Keywords: KB theory, molecular simulation, force fields, KBFF, alcohols
Introduction
Protein force fields (FFs) assume that a protein behaves as a sum of its parts and that the interactions between these parts, or functional groups, are the same as between the isolated functional groups themselves [1,2]. For example, serine is one of the amino acids found in proteins. The side chain of serine contains the CH2OH functional group. Hence, the parameters adopted for serine side chains are often determined by reproducing the properties of methanol molecules in the gas phase. In some cases, the accuracy of the parameters would be further tested by determining the properties of pure methanol solutions [3]. This type of approach has resulted in several FFs capable of studying a variety of biomolecular systems [4–7]. Burgeoning computational power has ensured a reduction of sampling issues and led to more quantitative comparisons between simulations and experiments. These advancements have created a pressing need for increasingly accurate FFs.
In our opinion, a serious drawback with the above approach is that mixtures of the required functional groups in water are rarely studied to validate the FFs. It is generally assumed that the properties of aqueous solutions of these solutes are adequately reproduced, even though the parameterization typically relies on studies of pure liquids and little attention is given to reproducing the solutes’ properties in mixtures over the full composition range. Indeed, many properties of solution mixtures (e.g., densities, dielectric constants, and compressibilities) are usually well reproduced, but others (e.g., diffusion constants and the enthalpy of mixing) are more problematic [8]. The diffusion constants are often very sensitive to small errors in the density, and both experimental diffusion and enthalpy of mixing data in aqueous solutions are not always available for all the functional groups observed in proteins.

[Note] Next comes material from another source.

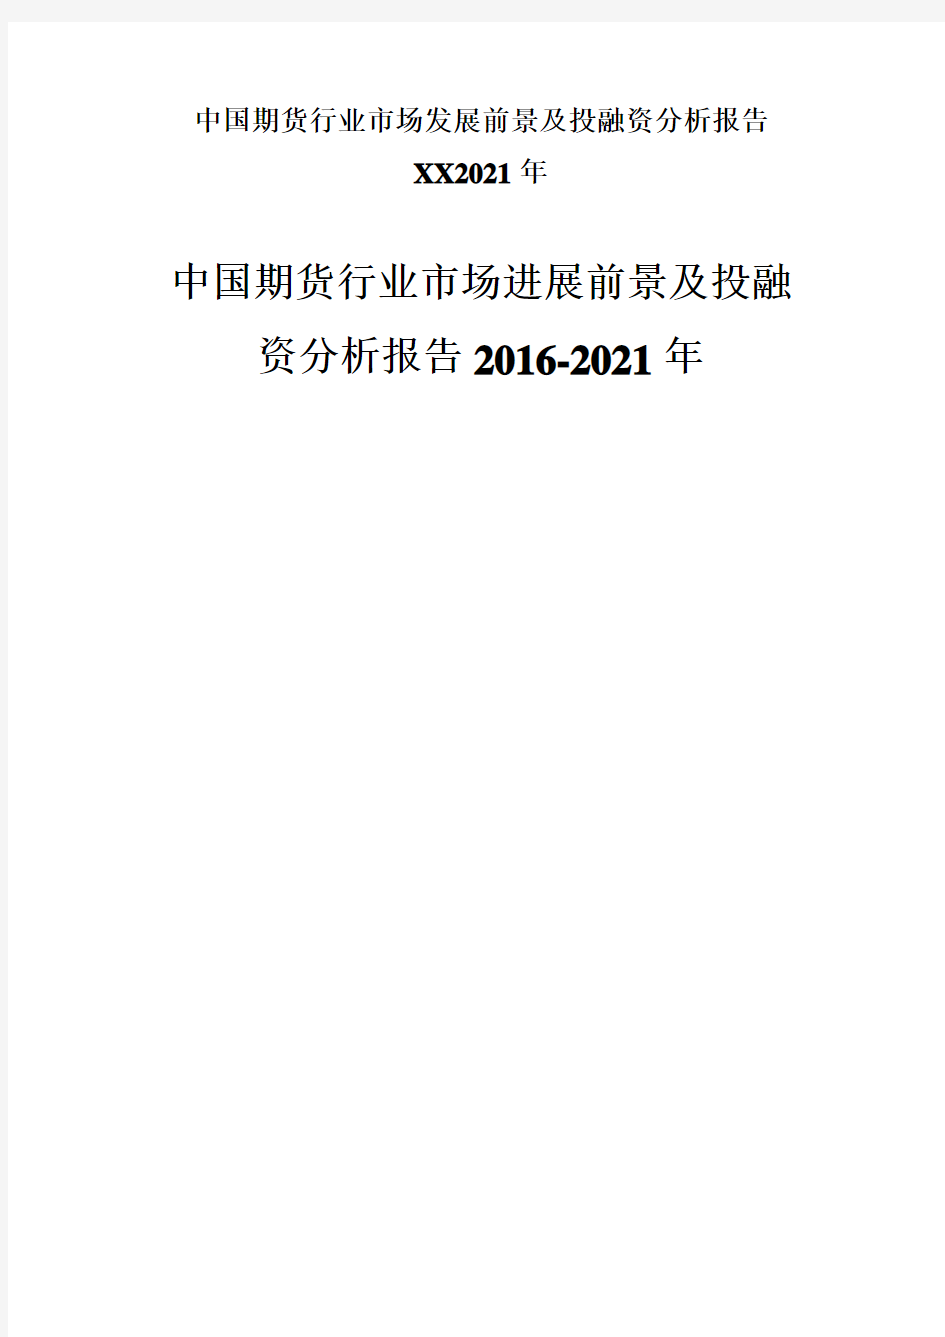 中国期货行业市场发展前景及投融资分析报告XX2021年

Hence, the results obtained for the latter data are of usually of minor concern.
More recently, biomolecular FFs have used free energies or free enthalpies of solvation data for a series of solutes [9,10]. This helps to probe solute-solvent interactions, although only at infinite dilution, but does not provide a check of solute-solute interactions. To our knowledge, arguably the most important thermodynamic property of solution mixtures, the solute activity, is never tested during the development of biomolecule FFs. Since solute activity is a measure of the balance between solute-solute and solute-solvent interactions in mixtures, the only way to ensure a correct description of the microscopic structure of solution mixtures is to accurately reproduce the changes in solute activity with solute concentration [11]. We believe that the ability to reproduce solute activities should be a key feature of a force field if it is to be considered reliable. In principle, the solute chemical potential could be determined by thermodynamic integration, but the free energy changes are often small and require a high degree of precision [12].
Our major goal is the development of improved FFs for biomolecules using changes in solute activity as a guide. However, some previous FFs developed for other uses have also included data related to chemical potentials. The most noticeable example is the TraPPE FFs of Siepmann and coworkers [13,14]. Here, the quantitative agreement with vapor-liquid coexistence curves ensures that the chemical potentials (vapor pressures) of both components are correctly reproduced as a function of temperature. In contrast, most biomolecule FFs would be expected to reproduce solute activities as a function of concentration close to ambient temperatures. Ideally an accurate FF should do both. However, this is unlikely with current models. We doubt the FFs optimized at ambient temperatures can quantitatively reproduce the coexistence curves because these curves span a broad range of temperatures. It is also not clear to what extent the TraPPE FFs reproduce activity changes with composition at a fixed temperature. The KB approach has the advantage that one can easily study nonvolatile solutes.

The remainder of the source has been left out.